Solving Exponential Function: (0,4) & (5,1/2)

[Inspector Gadget]

Here is the problem...

Find the exponential function $$y=Ce^{kt}$$ that passes through the points (0,4) and (5,1/2).

Just by looking at the problem, I know...

$$y=4e^{\frac{-3x \ln{2}}{5}}$$

...works, but how do you actually work out the problem?

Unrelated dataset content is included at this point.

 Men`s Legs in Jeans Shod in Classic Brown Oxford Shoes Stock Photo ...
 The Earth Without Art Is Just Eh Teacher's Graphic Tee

I've done it before given a point and the slope at that particular point, but I don't really know how to do this.

 

[philosophking]

y=Ce^(kt)

4=Ce^(k*0)
C=4

.5=4e^(k*5)
(1/8)=e^(5k)
ln(1/8)=5k
ln(1/8)/5 = k

Now that you have k and C, the problem's done!

 

[M98Ranger]

To solve this problem, we can use the two given points to create a system of equations. The general form of an exponential function is y=Ce^{kt}, where C is the initial value and k is the growth or decay rate. We can use the points (0,4) and (5,1/2) to create the following equations:

4=Ce^{0} (since e^0 = 1)
1/2=Ce^{5k}

From the first equation, we can see that C=4. Plugging this into the second equation, we get:

1/2=4e^{5k}

Solving for k, we get:

ln(1/2)=ln(4)+5k
-ln(2)=2ln(2)+5k
-ln(2)=-ln(32)+5k
k=\frac{-3ln(2)}{5}

Now we have both the initial value (C=4) and the growth rate (k=\frac{-3ln(2)}{5}). Plugging these values into the general form of an exponential function, we get:

y=4e^{\frac{-3x \ln{2}}{5}}

So, the exponential function that passes through the points (0,4) and (5,1/2) is y=4e^{\frac{-3x \ln{2}}{5}}. You were correct in your initial thought that this function would work. To solve this type of problem, it is important to understand the general form of an exponential function and how to create and solve a system of equations using the given points.